### Your assignment
Quote the whole listing word for word. Do not include the pictures.

### Available data
■ ■ ■ ■ ■ ■ ■

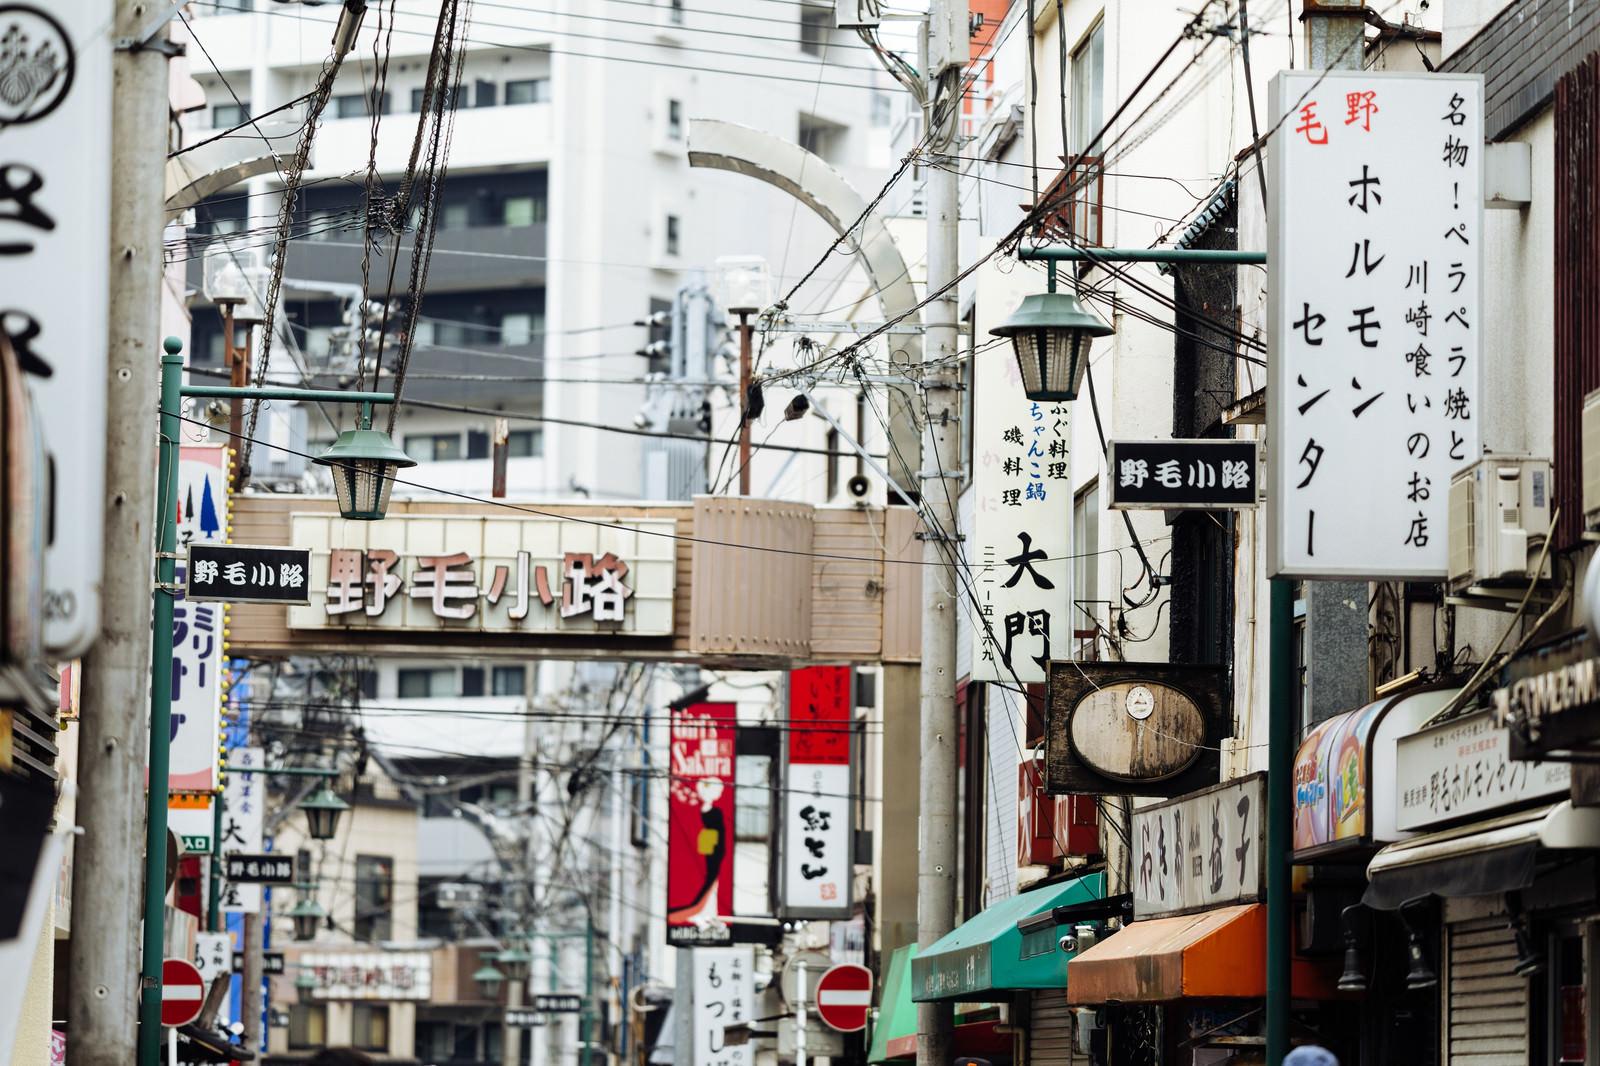 「名店が多い野毛小町(横浜)」の写真
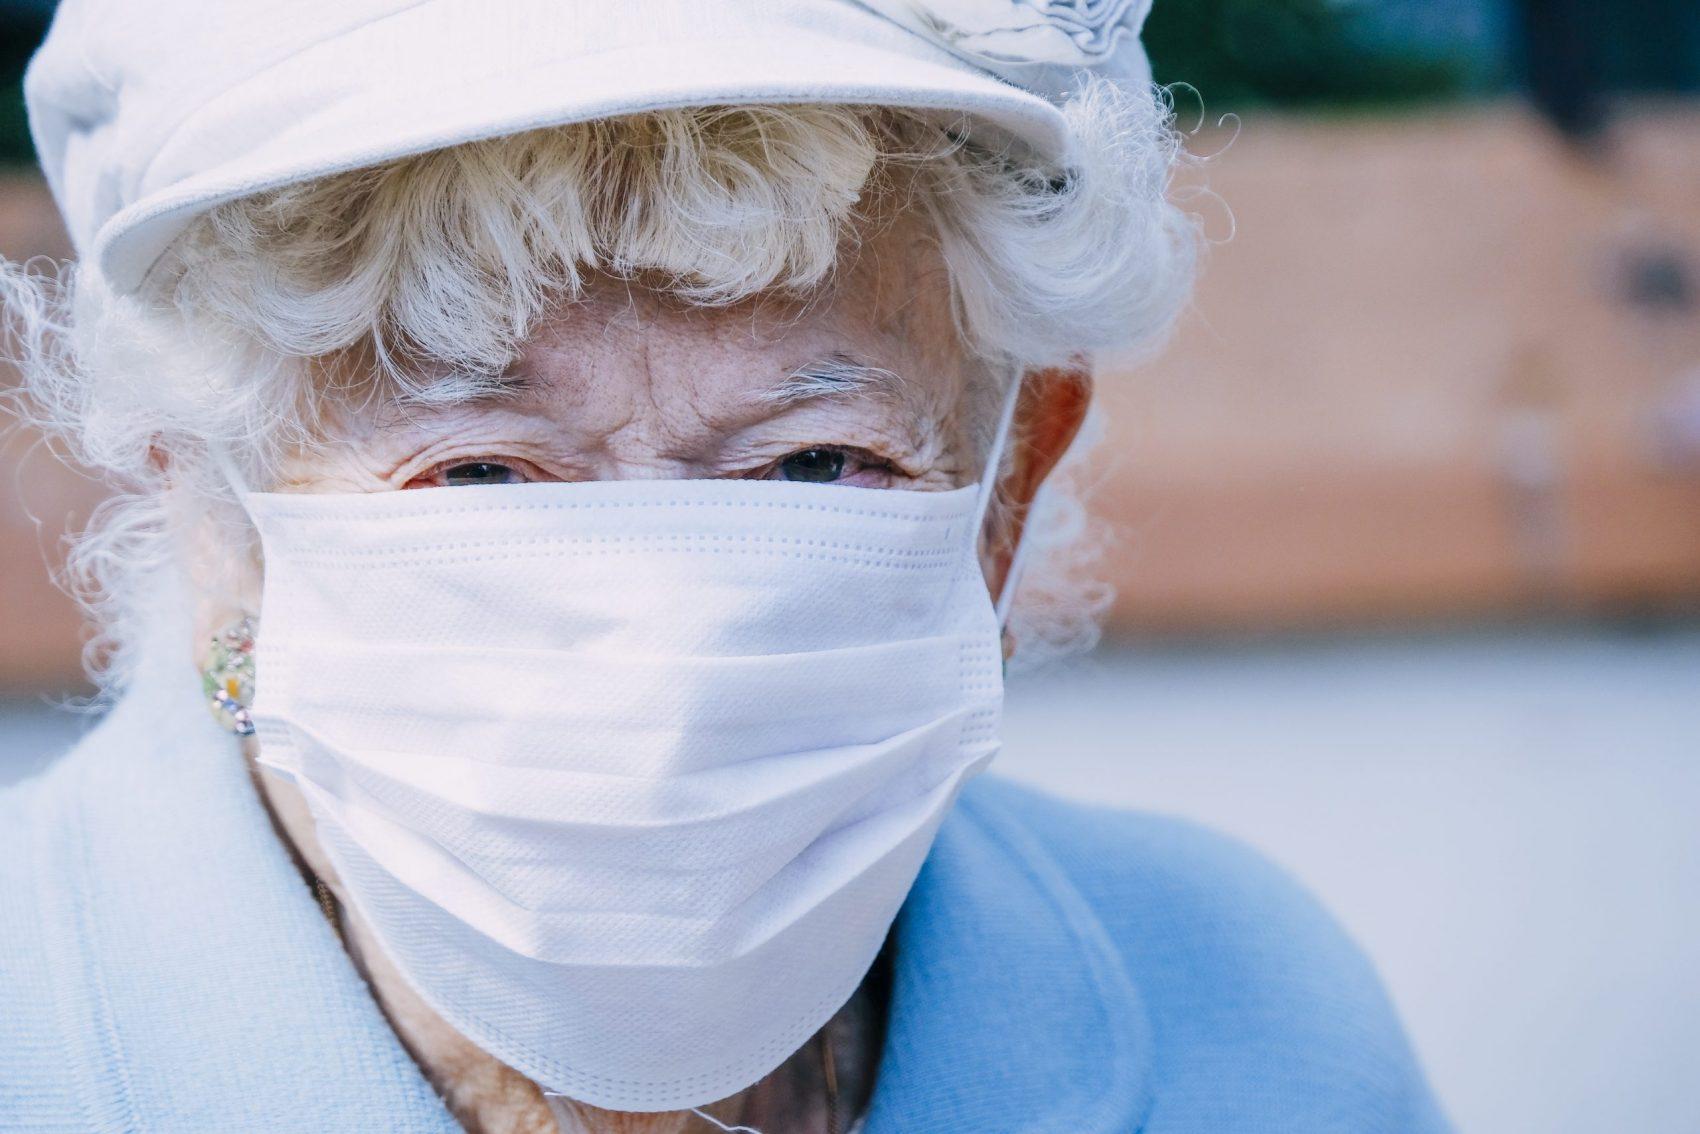 Proteção: idosos têm mais probabilidade de desenvolver sintomas graves da covid-19 (Foto: Sandrine Mulas/AFP)
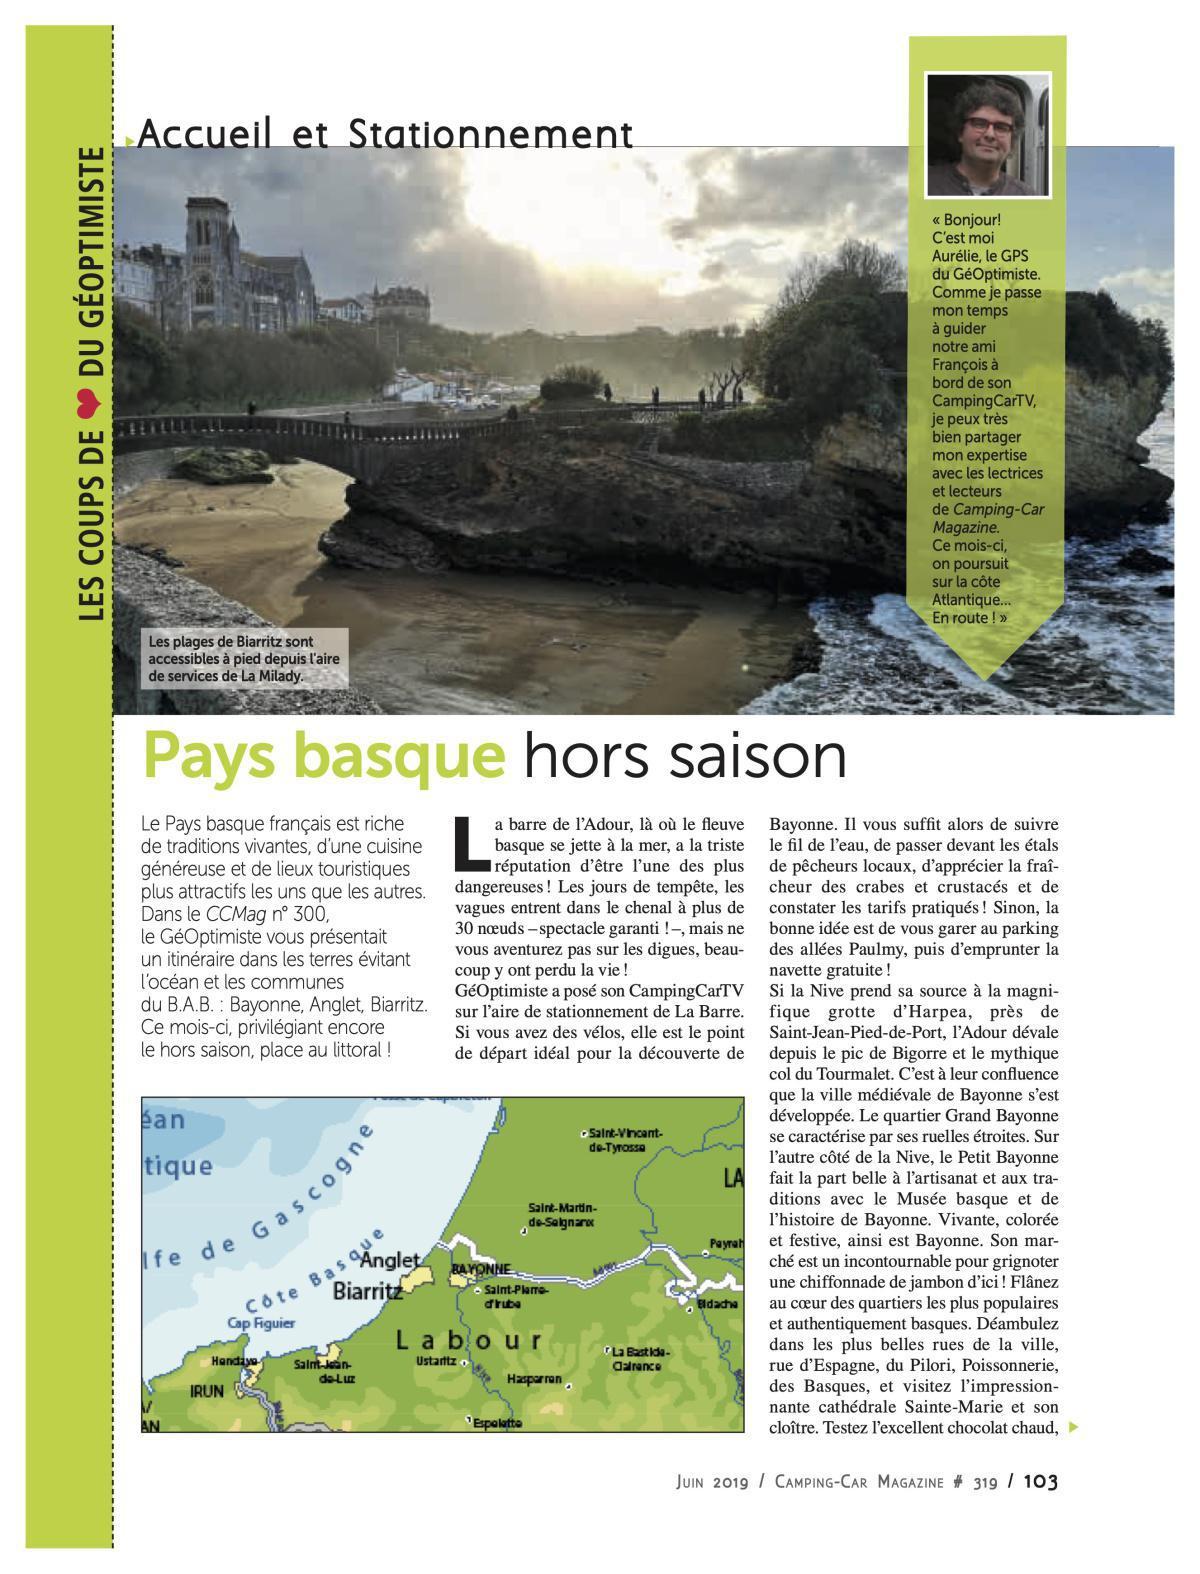 Pays Basque hors saison - CCM 319

■ ■ ■ ■ ■ ■ ■

### Answer area
 「名店が多い野毛小町(横浜)」の写真
 Proteção: idosos têm mais probabilidade de desenvolver sintomas graves da covid-19 (Foto: Sandrine Mulas/AFP)
 Pays Basque hors saison - CCM 319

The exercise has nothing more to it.